When Lovell opened Coyote Ugly at age 25, she already had a large following from years of putting herself through school as a bartender. She didn’t take a single night off—whether she worked the full shift or not, she was at the bar every day.

Now, Lovell’s life is different. This past week, she was in Las Vegas shooting the 2017 Coyote Girls calendar. The week before that, she was in Virginia Beach, scouting out a potential location for a new Coyote Ugly. Next week, she’ll be back in Vegas, and the week after that, she’ll be in Memphis, Tennessee, celebrating the bar’s anniversary.

Her job now consists mostly of “telephone calls and emails.” When we spoke on the phone, Lil was at home in San Diego, California, with her 16-year-old son, who was sick from school.

“While this might sound weird, I kind of enjoy it because it’s the only time he seems to need me now.”

It took Lovell a long time to be able to get out from behind the bar, but she wasn’t always planning on going into the industry. She studied psychology and communication at New York University. Before she went into bartending full time, she was an apprentice on Wall Street, making $250 a week. On that income, the apprenticeship didn’t last long.

“I simply stopped,” Lovell says. “About a year in I said, ‘You know what, this is going to be a long road and I’m making more money doing other things.’”

Her parents weren’t pleased, but Lovell made more in one night of bartending than she did an entire week on Wall Street—right before she opened Coyote Ugly, she made between $700-800 a night. An odd mix of jobs at all kinds of restaurants and bars taught Lovell a few lessons for running her own place. When she worked at a Brazilian Steakhouse, she worked four blenders at once to accommodate the complex menu of 30-plus drinks. She never wanted any of her girls to be so overwhelmed.

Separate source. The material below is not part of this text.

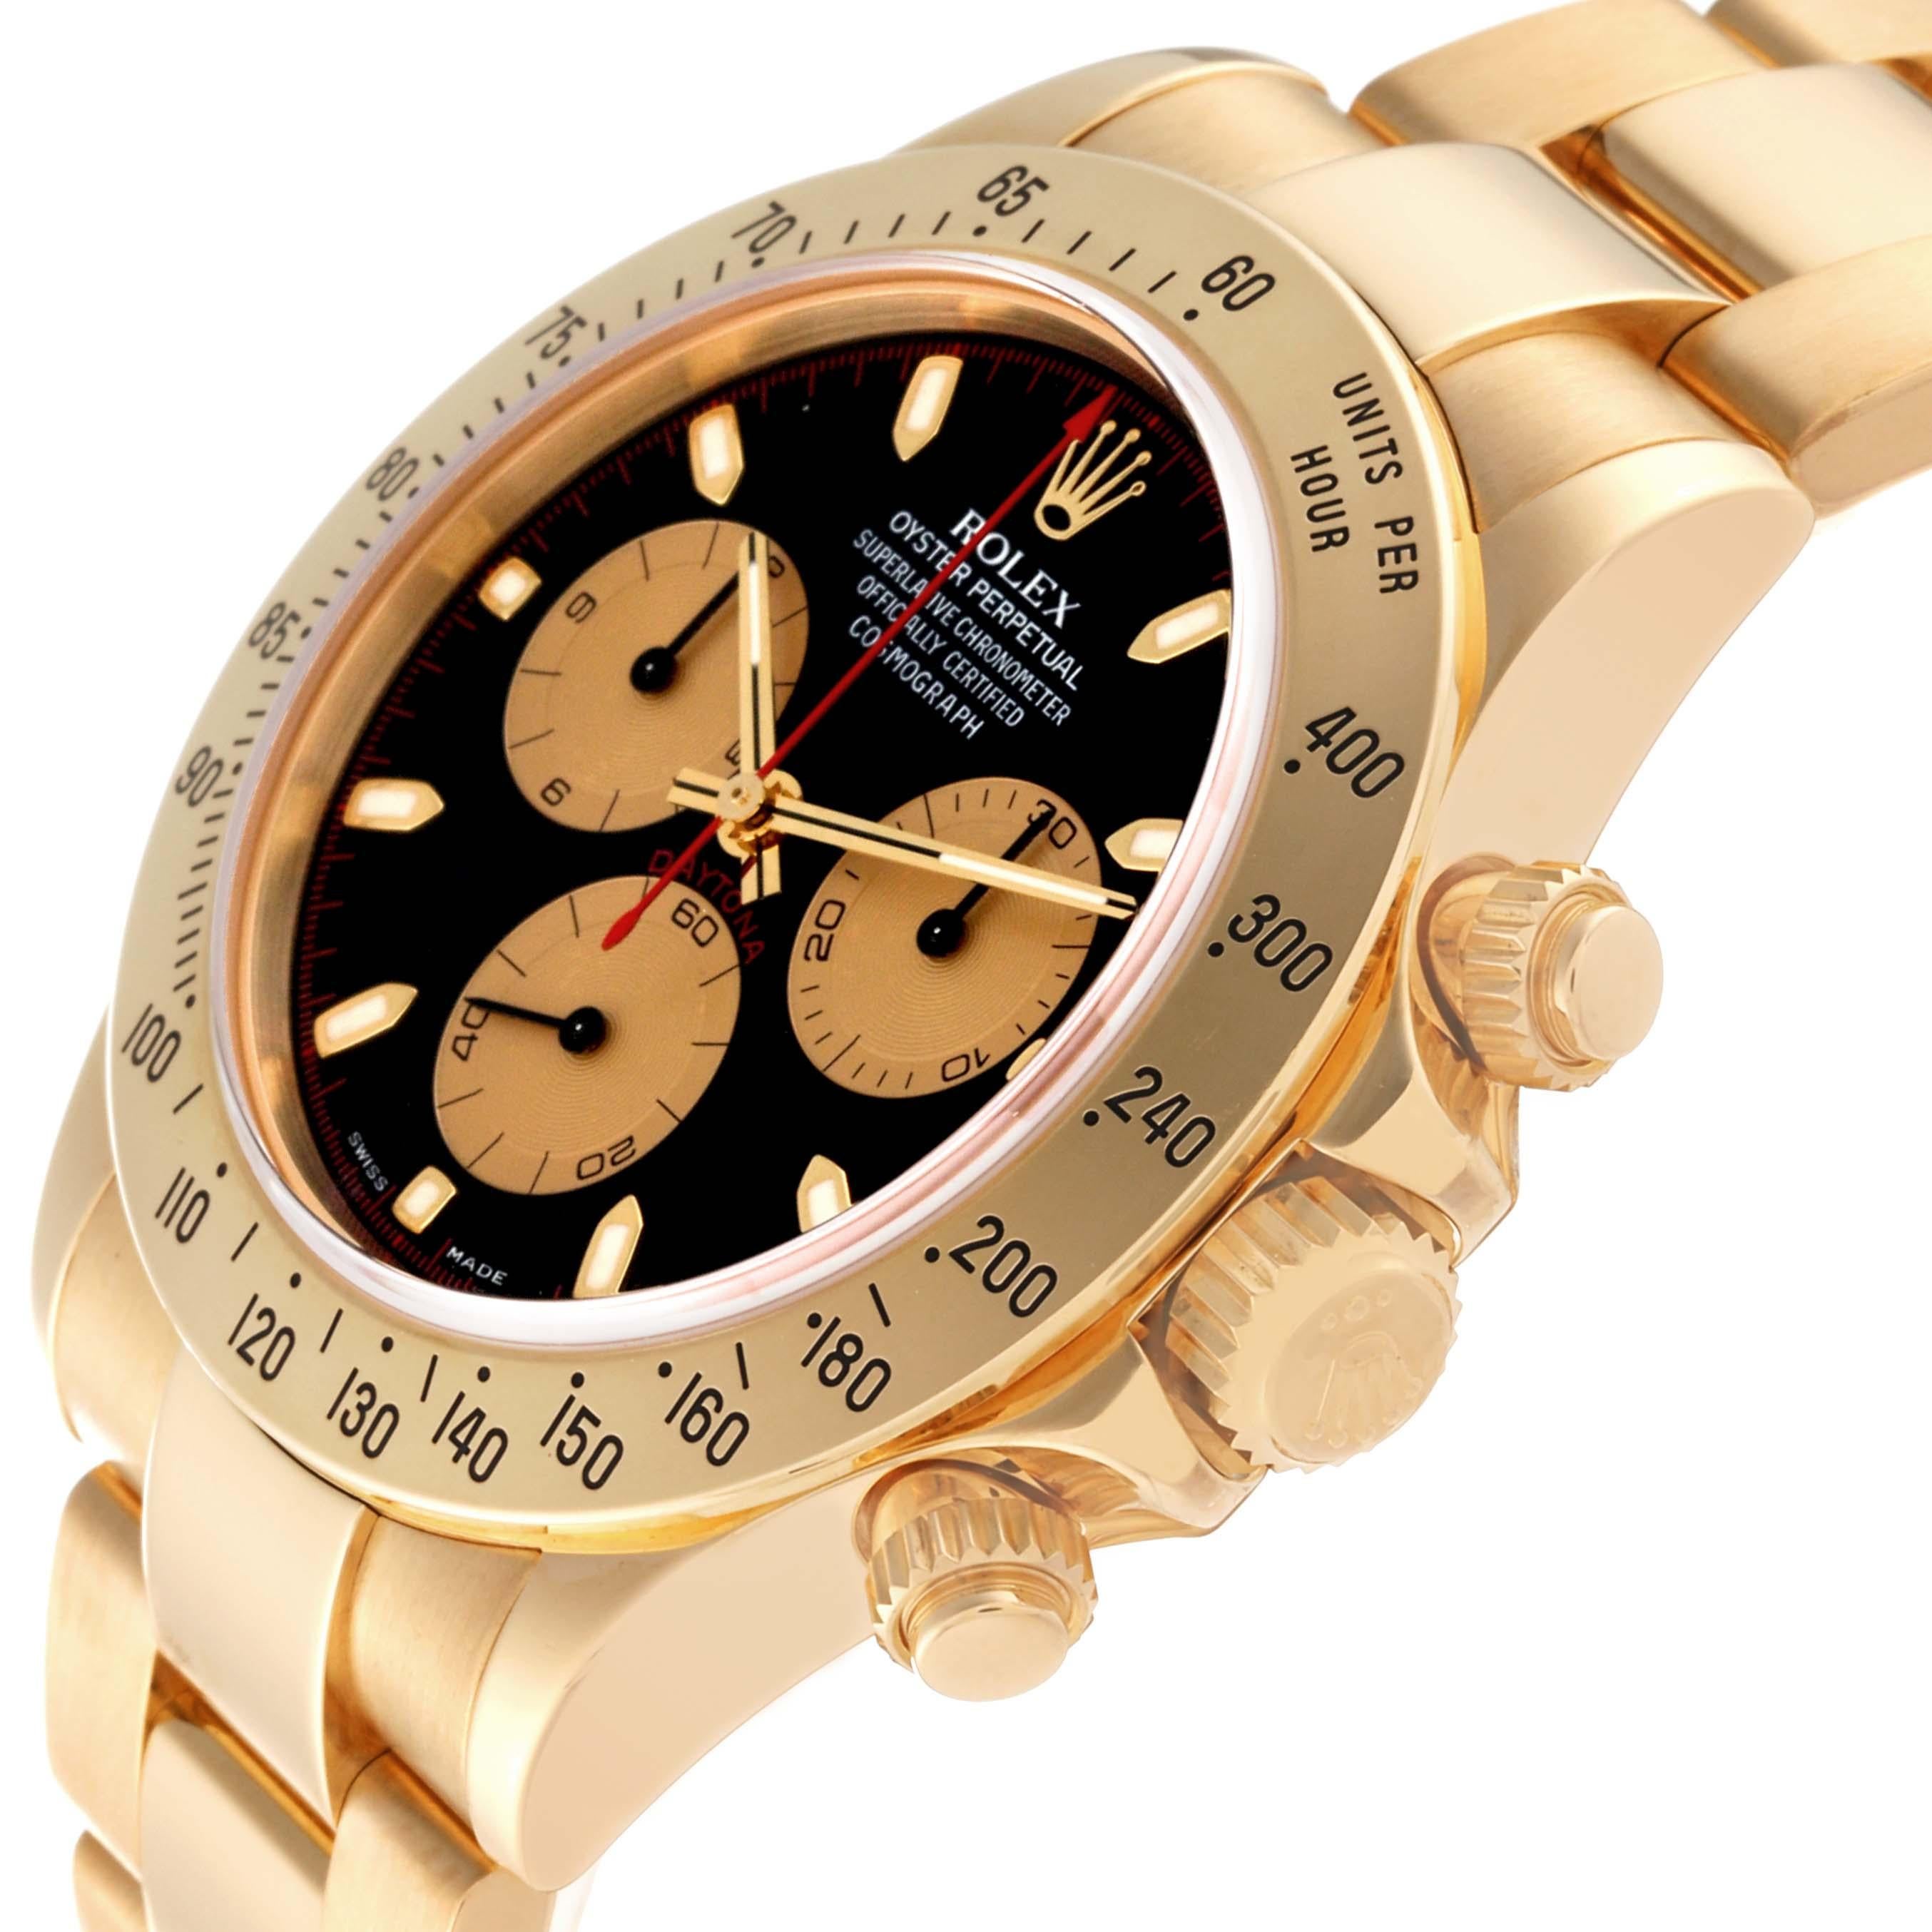 Rolex Cosmograph Daytona Yellow Gold Black Dial Mens Watch 116528 In Excellent Condition For Sale In Atlanta, GA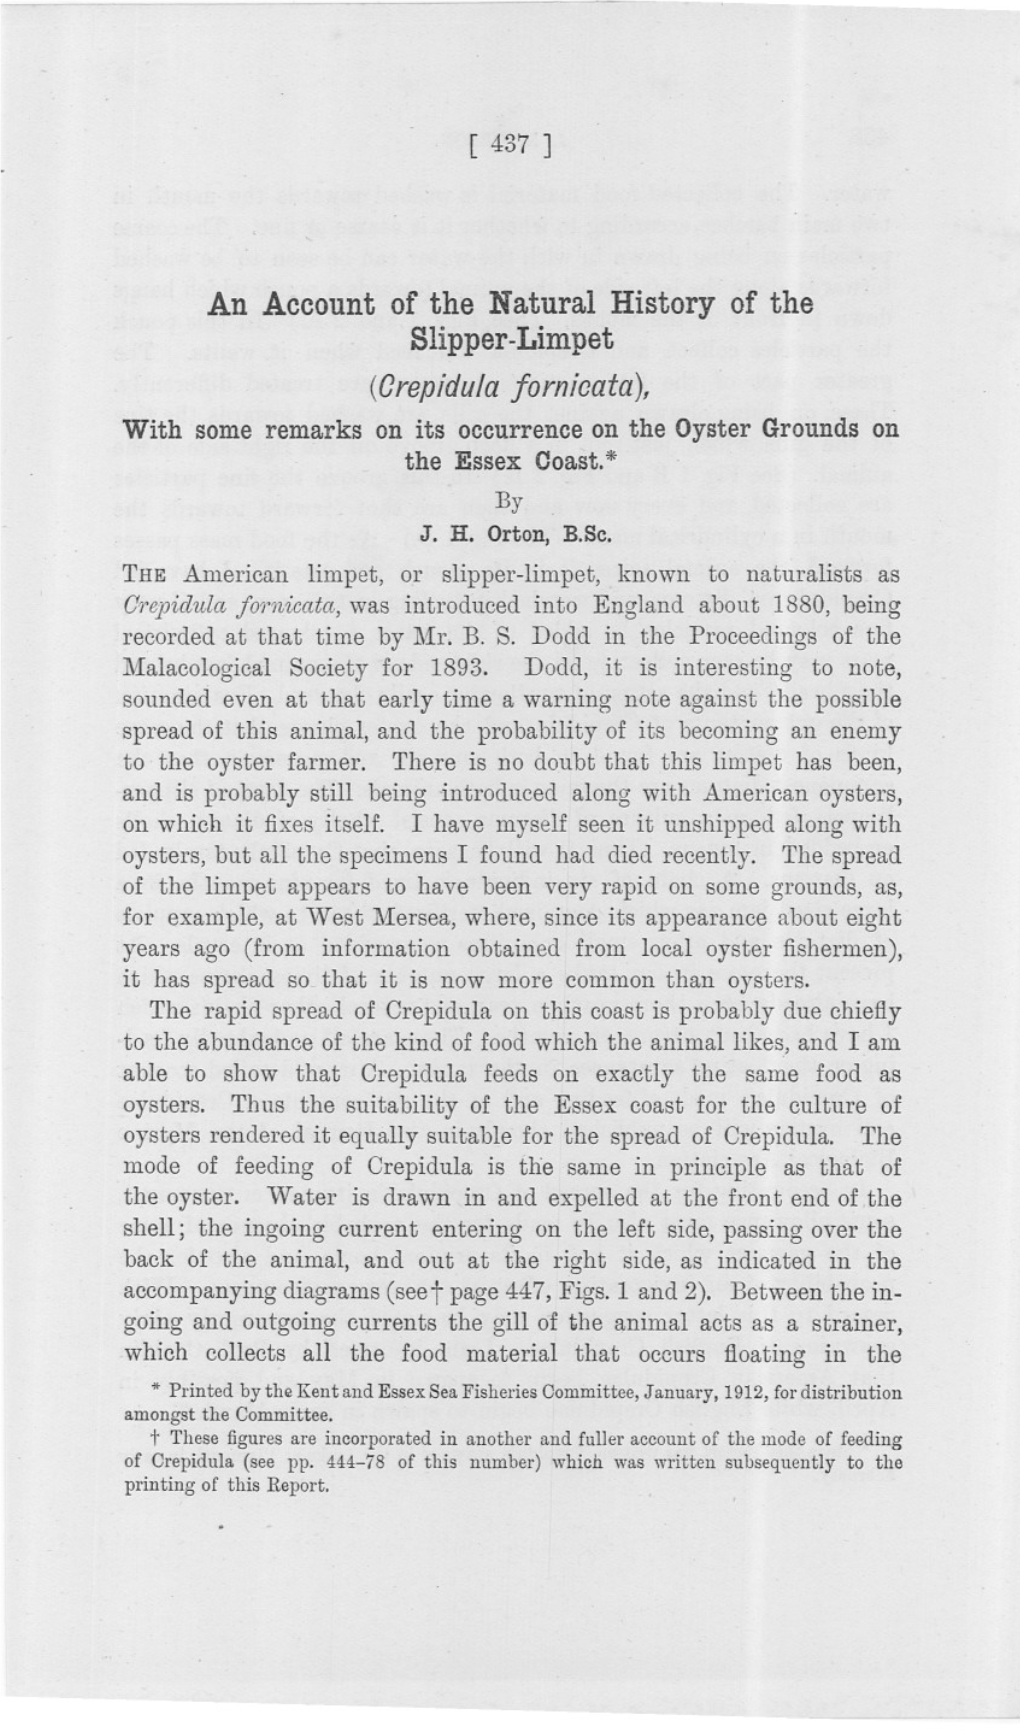 An Account of the Natural History of the Slipper-Limpet (Grepidula Jornioata), with Some Remarks on Its Occurrence on the Oyster Grounds on the Essex Coast

“We can sell anything,” Lovell says. “I could sell ice to an eskimo. Even if they come in asking for [complex drinks], you’re going to convince them to get something else that’s easy.”

Despite some of the more difficult parts of Lovell’s journey, her favorite memories from working behind the bar were with customers. One security salesman would come in while she was doing inventory and they’d watch “Days of Our Lives” together.

One particularly unforgettable night involved one of the bartender’s boyfriends. Lovell gave him permission to bring his bike inside because people were jumping on it. He broke its breaks on the curb and crashed into the wall.

“Of course as the owner, I’m worried that someone got hurt,” Lovell says. “All of a sudden people started cheering…I remember thinking, ‘These people are nuts.’”

Though it was all worth it, if she could give her younger self a piece of advice, it would be to take more nights off. As the boss, during slow months, she would pay her employees first, then herself. She was constantly worried about whether or not things would go wrong without her.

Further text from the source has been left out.